Я бы и не поехала, сослалась бы на мигрень, провела бы день за книгой или за вышивкой, если б не мадам. Мадам велит называть ее маменькой, смотрит ласково, а в глазах лед. Сколько лет прошло? Осенью, считай, шесть будет, как папенька ее в дом привел, ее и Лизи, а я все никак поверить не могу и привыкнуть.
Мадам красивая: кожа белая и гладкая, глаза цвета берлинской лазури, волосы каштановые, с отливом в медь, фигура… Про фигуру промолчу, скажу только, что не сыскать такого мужчины, чтоб на мадам не обернулся. А папенька из-за этой ее красоты страдает, дворня шепчется, что ревнует сильно. Ревнует, оттого и злой все время. Стэфа говорит, что с маменькой моей он другим был – добрым и веселым. Да я и сама помню. Бывало, посадит меня к себе на колени и давай щекотать, а когда у меня уже сил смеяться не останется, погладит по голове и скажет так ласково: «Ох ты, Сонюшка – свет в оконце!»
Все это давно в прошлом. Маменьки нет, а есть мадам со своей Лизи, и на колени меня к себе папенька не посадит, потому как я уже не маленькая девочка, а барышня на выданье. И не Сонюшка я больше, а Софья. И свет в оконце у папеньки теперь не я, а Зоя Ивановна, мадам…
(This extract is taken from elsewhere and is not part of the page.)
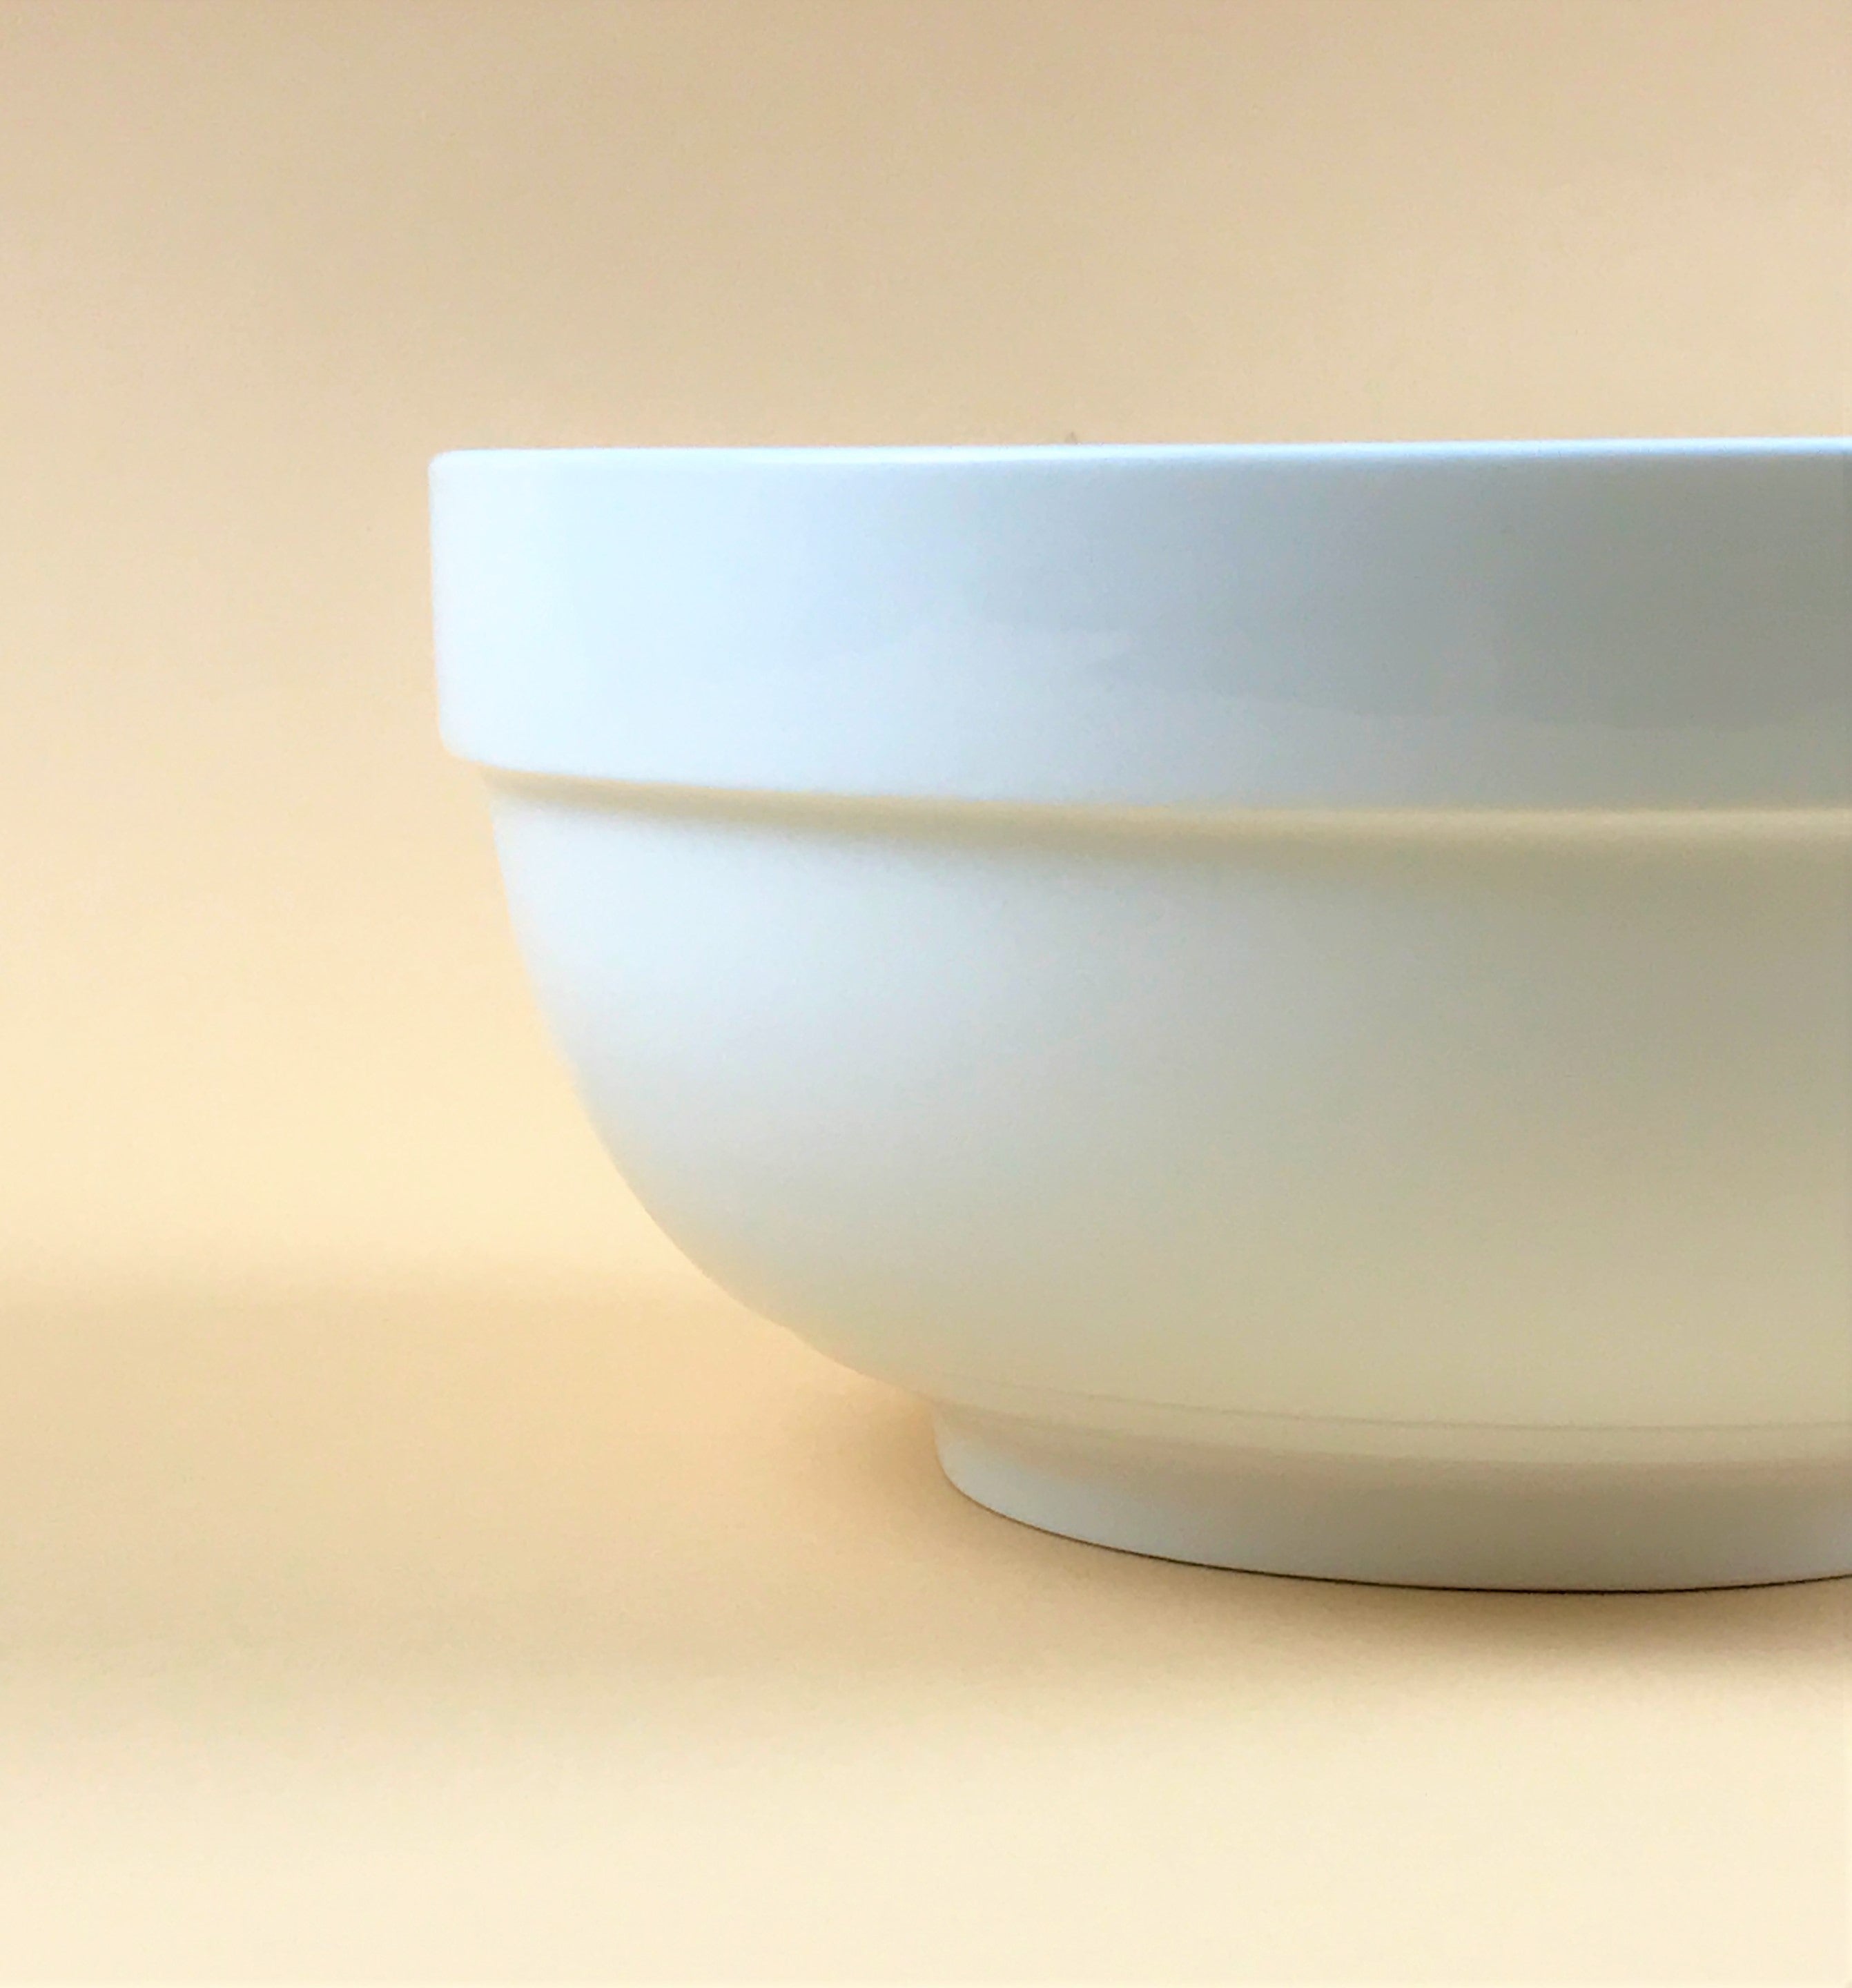 Henry Bowls in 3 sizes, 9 oz, 28 oz, and 44 oz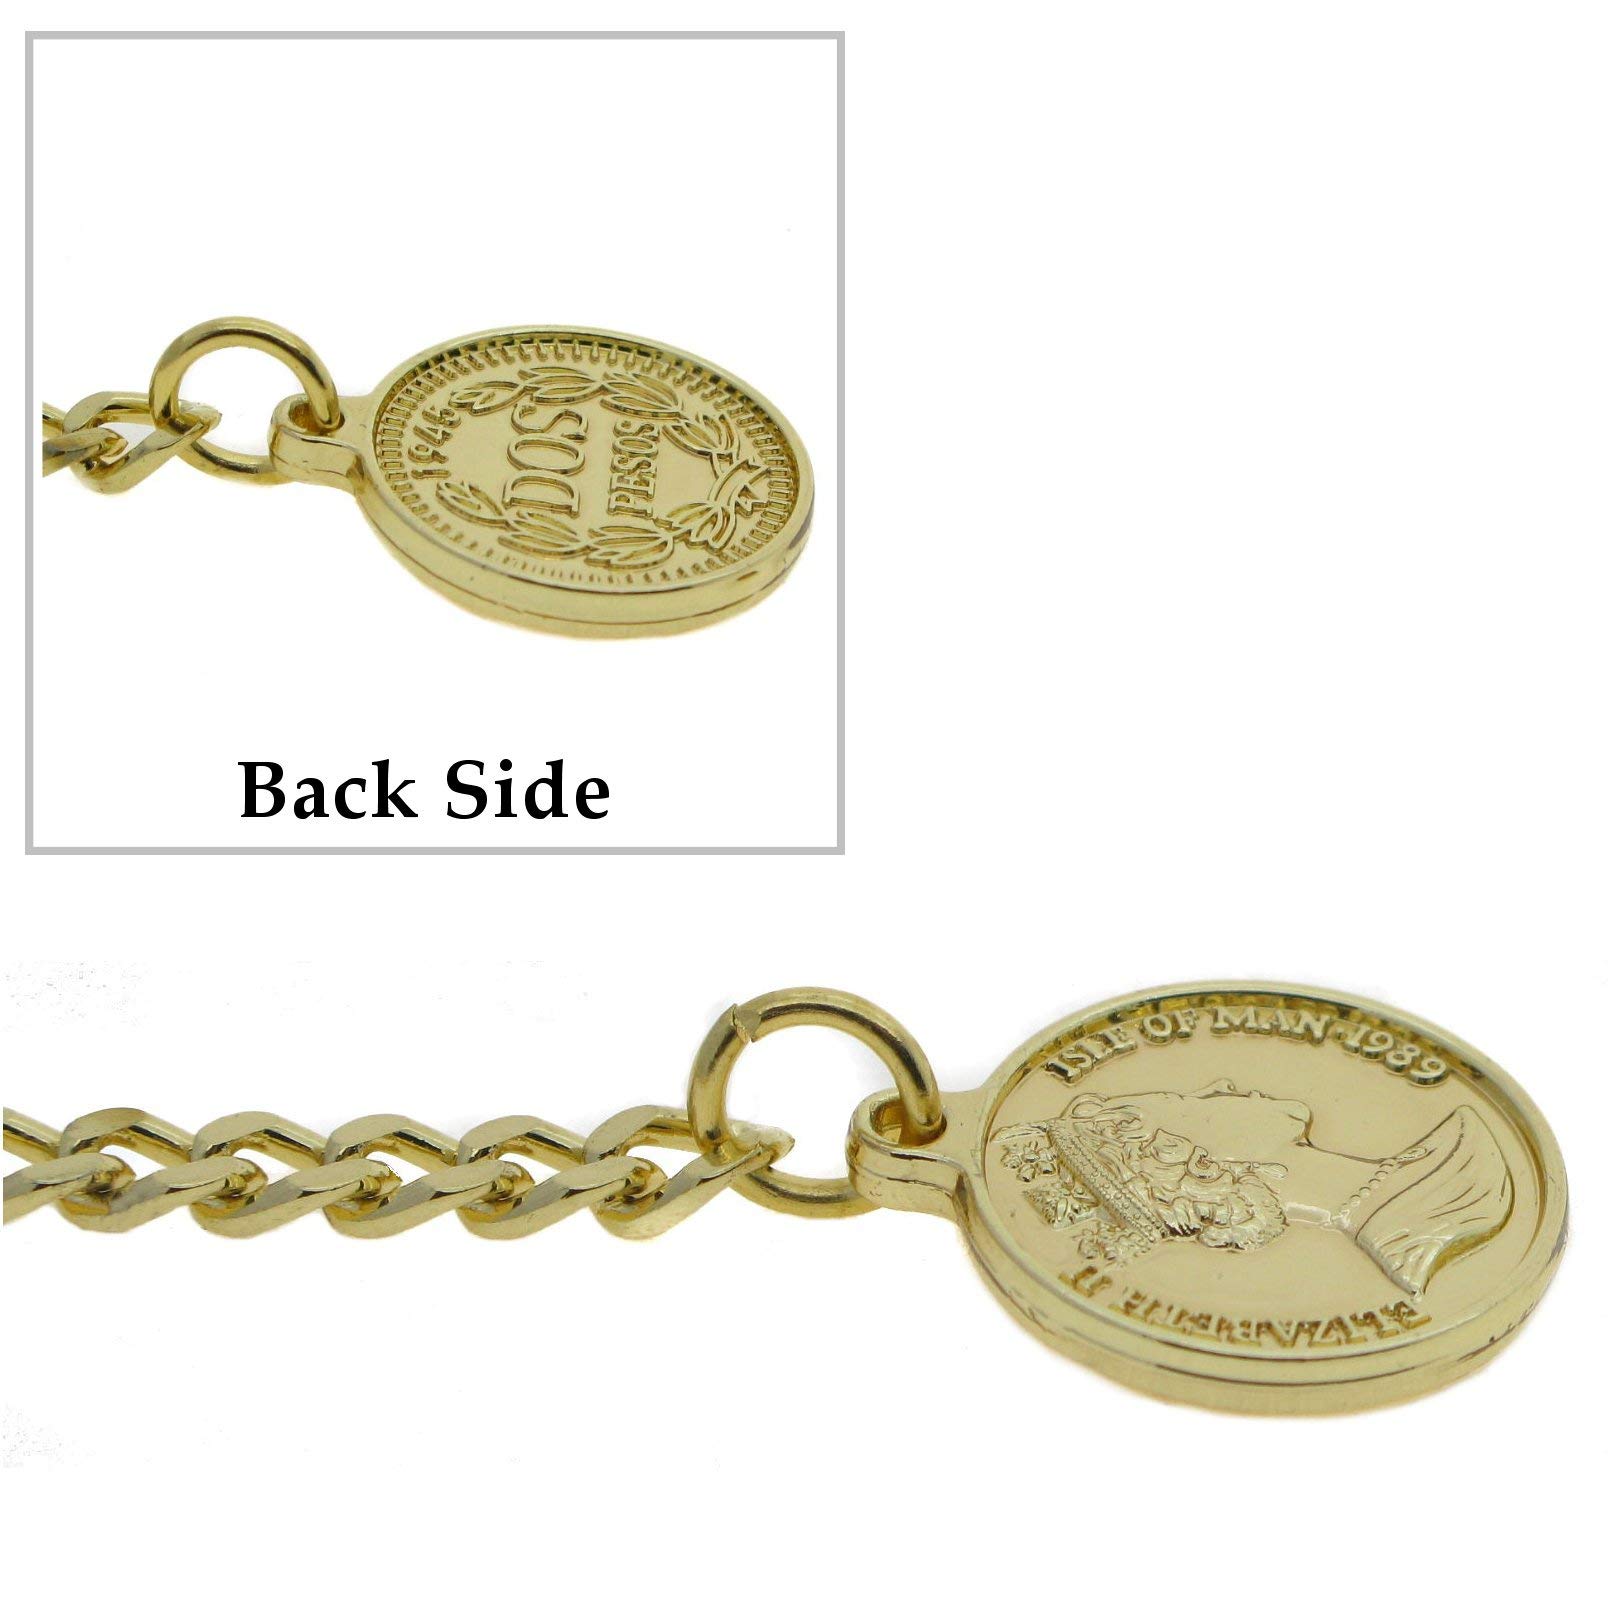 Albert Chain Gold Color Pocket Watch Chains for Men with T Bar Swivel Clasp and Queen Elizabeth II Coin Design Fob AC100

Отвлеклась. Уж больно воспоминания тяжкие. Стэфа говорит – забудь, не гневи Бога обидами, а у меня все никак не выходит. Да и как забыть, когда каждый день – словно напоминание о том, что потеряла? Когда в матушкином будуаре мадам распоряжается, а в моей комнате – Лизи. Мадам сказала, что у Лизи слабые легкие и ей нужно много солнца, а больше всего его в моей спальне…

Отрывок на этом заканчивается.